Growth of Form in Thin Elastic Structures

TL;DR

This paper investigates the stability of growth in thin elastic structures by modeling it as a quasi-static evolution of a target metric, revealing how local curvature and stress influence stability and elongation.

Contribution

It introduces a model coupling growth laws to local shape properties, providing insights into stability criteria for elastic growth in cylindrical shells.

Findings

Coupling growth to curvature alone causes instability.

Coupling growth to stress can stabilize elongation.

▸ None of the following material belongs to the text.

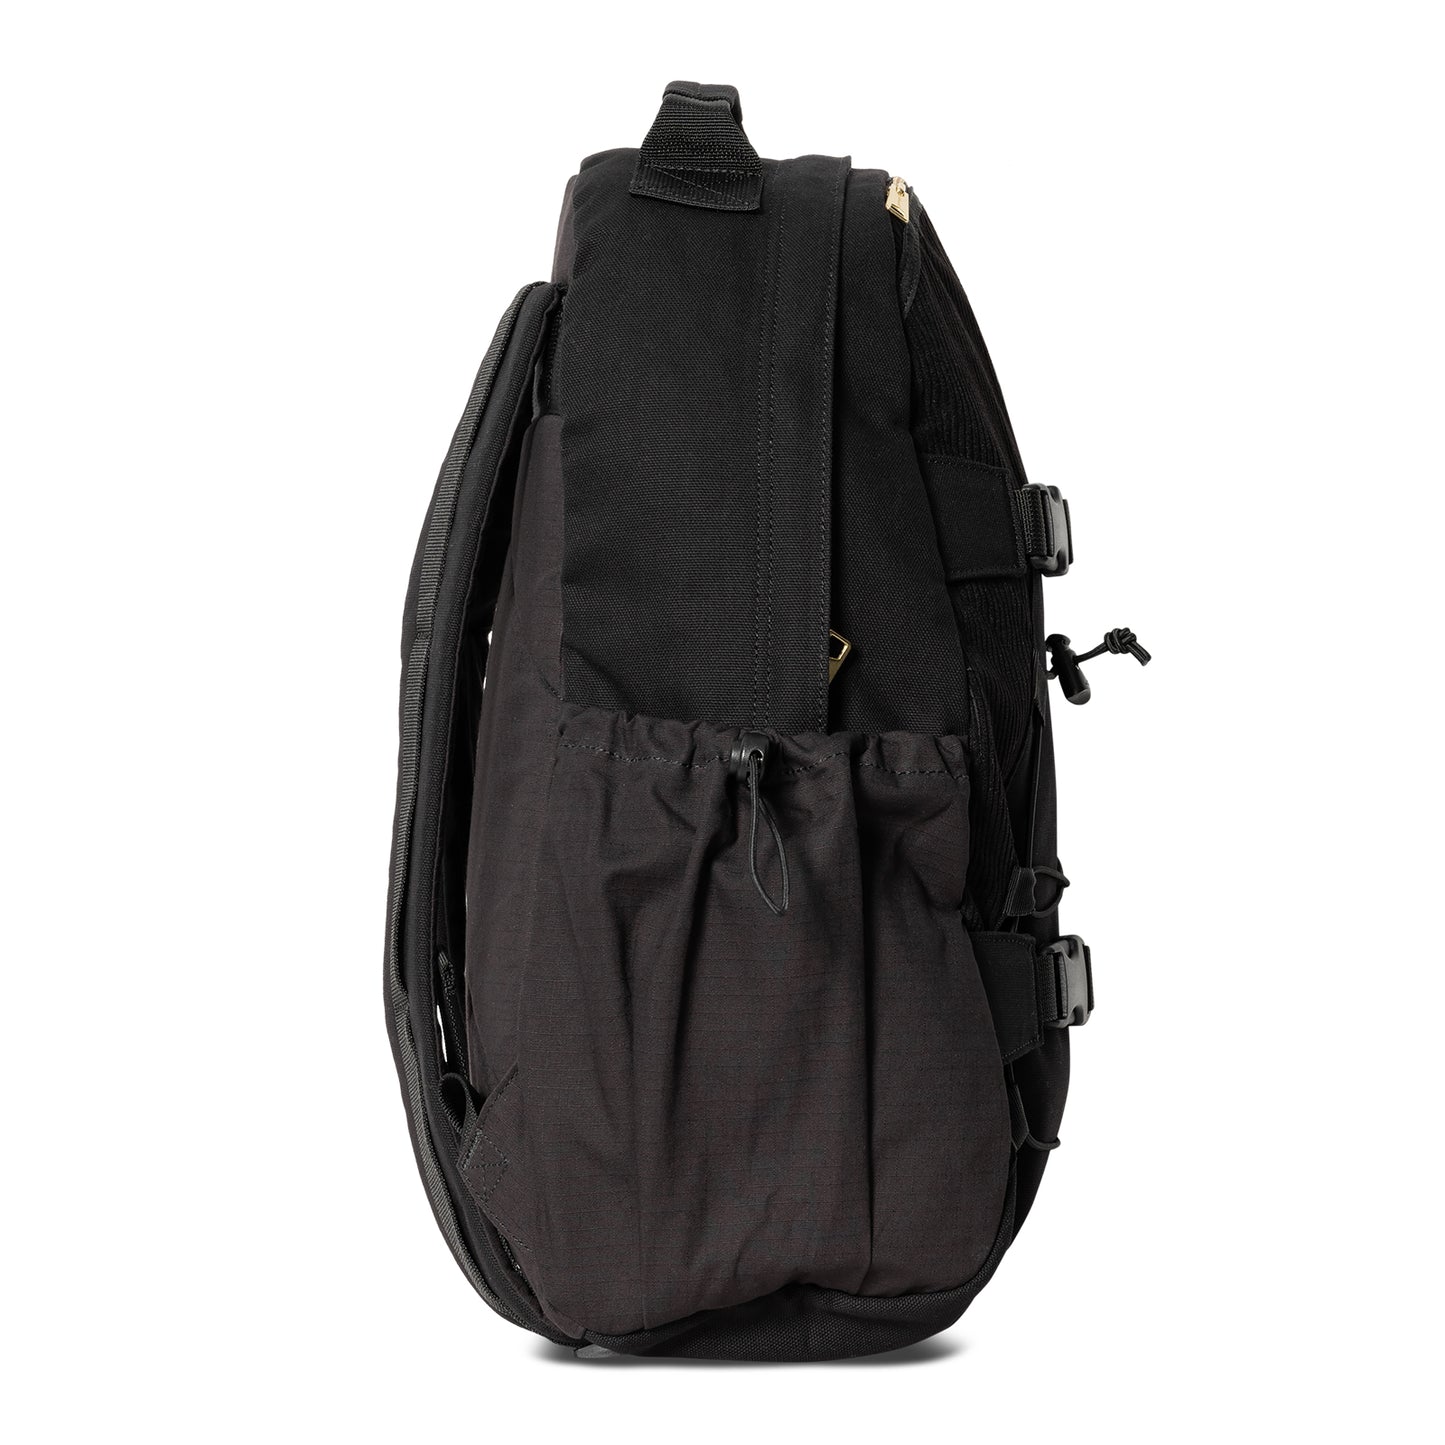 Carhartt WIP Medley Backpack Black. Foto do lado direito.

The approach applies to various target geometries.

Abstract

Heterogeneous growth plays an important role in the shape and pattern formation of thin elastic structures ranging from the petals of blooming lilies to the cell walls of growing bacteria. Here we address the stability and regulation of such growth, which we modeled as a quasi-static time evolution of a metric, with fast elastic relaxation of the shape. We consider regulation via coupling of the growth law, defined by the time derivative of the target metric, to purely local properties of the shape, such as the local curvature and stress. For cylindrical shells, motivated by rod-like E. \textit{coli}, we show that coupling to curvature alone is generically linearly unstable and that additionally coupling to stress can lead to stably elongating structures. Our approach can readily be extended to gain insights into the general classes of stable growth laws for different target geometries.